Top Open Datasets for Autonomous Driving Projects

  1. A2D2 Dataset
    The Audi Autonomous Driving Dataset (A2D2) features over 41,000 labeled with 38 features. Around 2.3 TB in total, A2D2 is split by annotation type (i.e. semantic segmentation, 3D bounding box).

  2. ApolloScape Dataset
    ApolloScape is an evolving research project that aims to foster innovation across all aspects of autonomous driving, from perception to navigation and control. Via their website, users can explore a variety of simulation tools and over 100K street view frames, 80k lidar point cloud and 1000km trajectories for urban traffic.

  3. Argoverse Dataset
    The Argoverse dataset includes 3D tracking annotations for 113 scenes and over 324,000 unique vehicle trajectories for motion forecasting.

  4. Berkeley DeepDrive Dataset
    Also known as BDD 100K, the DeepDrive dataset gives users access to 100,000 annotated videos and 10 tasks to evaluate image recognition algorithms for autonomous driving. The dataset represents more than 1000 hours of driving experience with more than 100 million frames, as well as information on geographic, environmental, and weather diversity.

  5. CityScapes Dataset
    CityScapes is a large-scale dataset focused on the semantic understanding of urban street scenes in 50 German cities. It features semantic, instance-wise, and dense pixel annotations for 30 classes grouped into 8 categories. The entire dataset includes 5,000 annotated images with fine annotations, and an additional 20,000 annotated images with coarse annotations.

  6. Comma2k19 Dataset
    This dataset includes 33 hours of commute time recorded on highway 280 in California. Each 1-minute scene was captured on a 20km section of highway driving between San Jose and San Francisco. The data was collected using comma EONs, which features a road-facing camera, phone GPS, thermometers and a 9-axis IMU.

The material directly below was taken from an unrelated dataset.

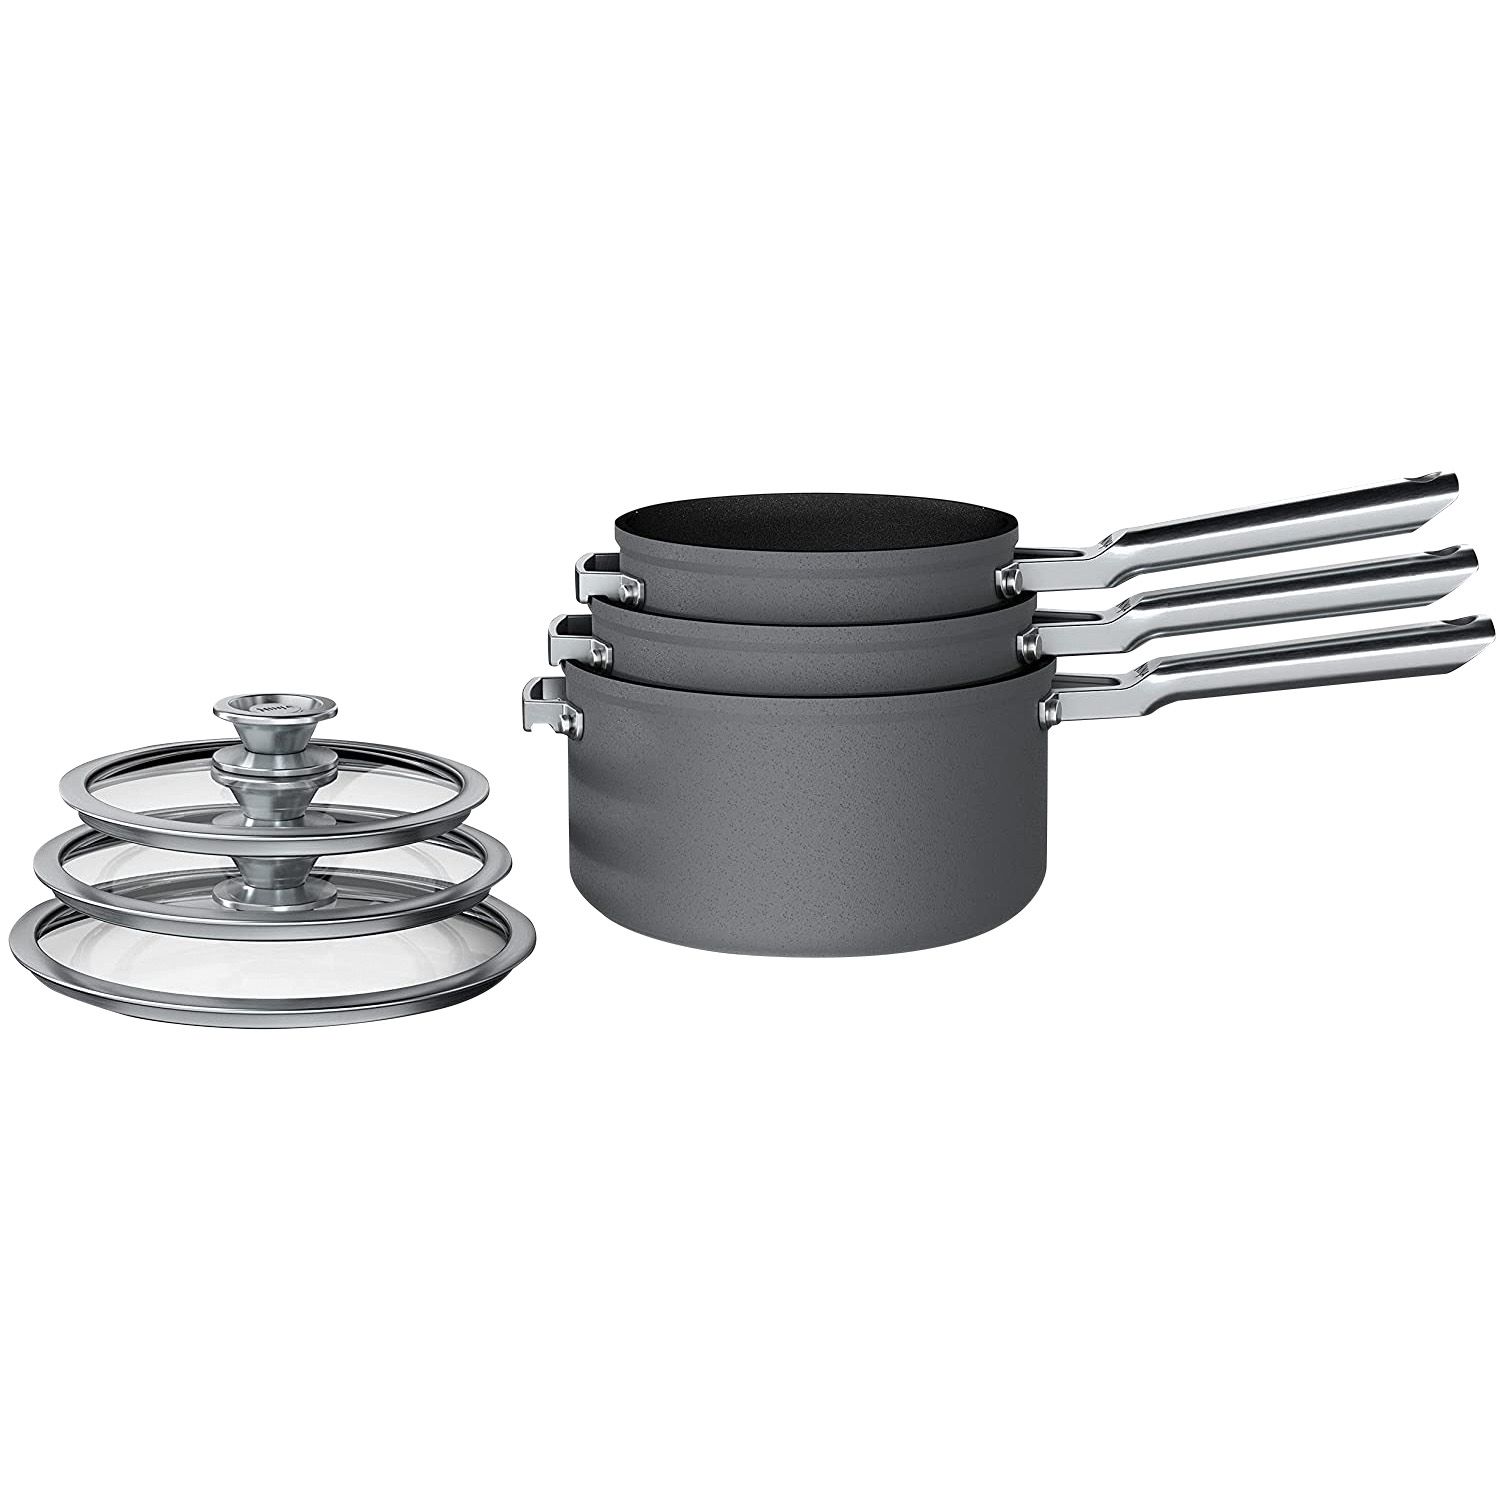 Fingerhut - Ninja Foodi NeverStick 12-Pc. Aluminum Cookware Set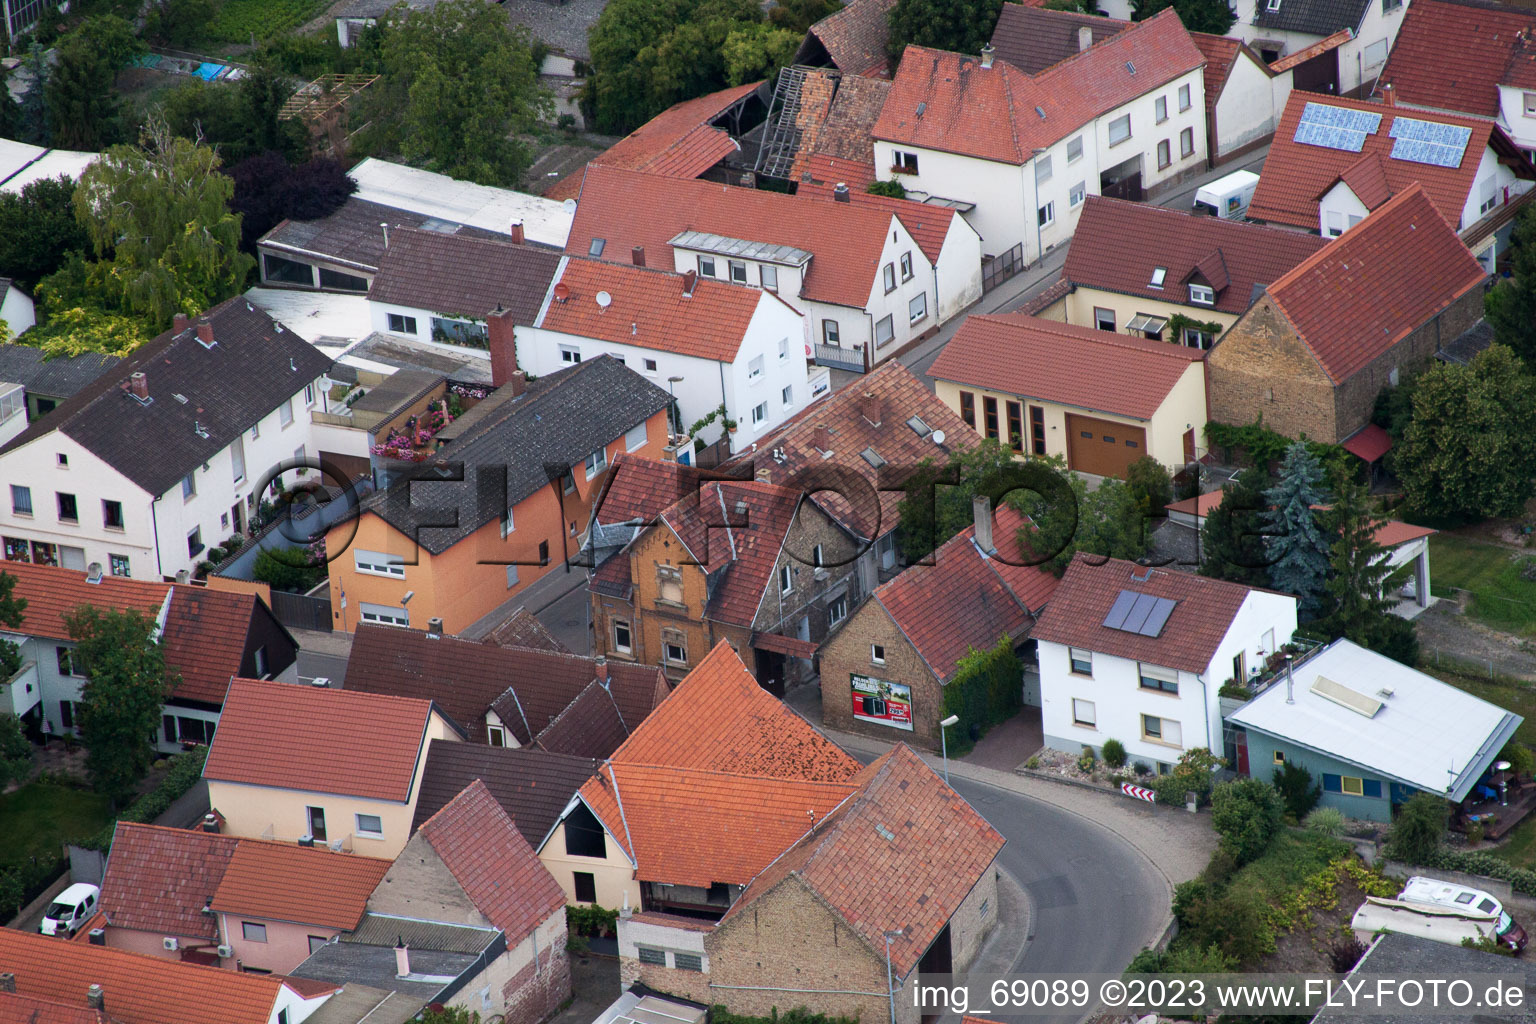 District Bobenheim in Bobenheim-Roxheim in the state Rhineland-Palatinate, Germany out of the air

  7. Google-Landmarks Dataset
    Published by Google in 2018, the Landmarks dataset is divided into two sets of images to evaluate recognition and retrieval of human-made and natural landmarks. The original dataset contains over 2 million images depicting 30 thousand unique landmarks from across the world. In 2019, Google published Landmarks-v2, an even larger dataset with 5 million images and 200k landmarks.

  8. KITTI Vision Benchmark Suite
    First released in 2012 by Geiger et al, the KITTI dataset was released with the intent of advancing autonomous driving research with a novel set of real-world computer vision benchmarks. One of the first ever autonomous driving datasets, KITTI boasts over 4000 academic citations and counting.

  9. Level 5 Open Data
    Published by popular rideshare app Lyft, the Level5 dataset is another great source for autonomous driving data. It includes over 55,000 human-labeled 3D annotated frames, surface map, and an underlying HD spatial semantic map that is captured by 7 cameras and up to 3 LiDAR sensors that can be used to contextualize the data.

  10. nuScenes Dataset
    Developed by Motional, the nuScenes dataset is one of the largest open-source datasets for autonomous driving. Recorded in Boston and Singapore using a full sensor suite (32-beam LiDAR, 6 360° cameras and radars), the dataset contains over 1.44 million camera images capturing a diverse range of traffic situations, driving maneuvers, and unexpected behaviors.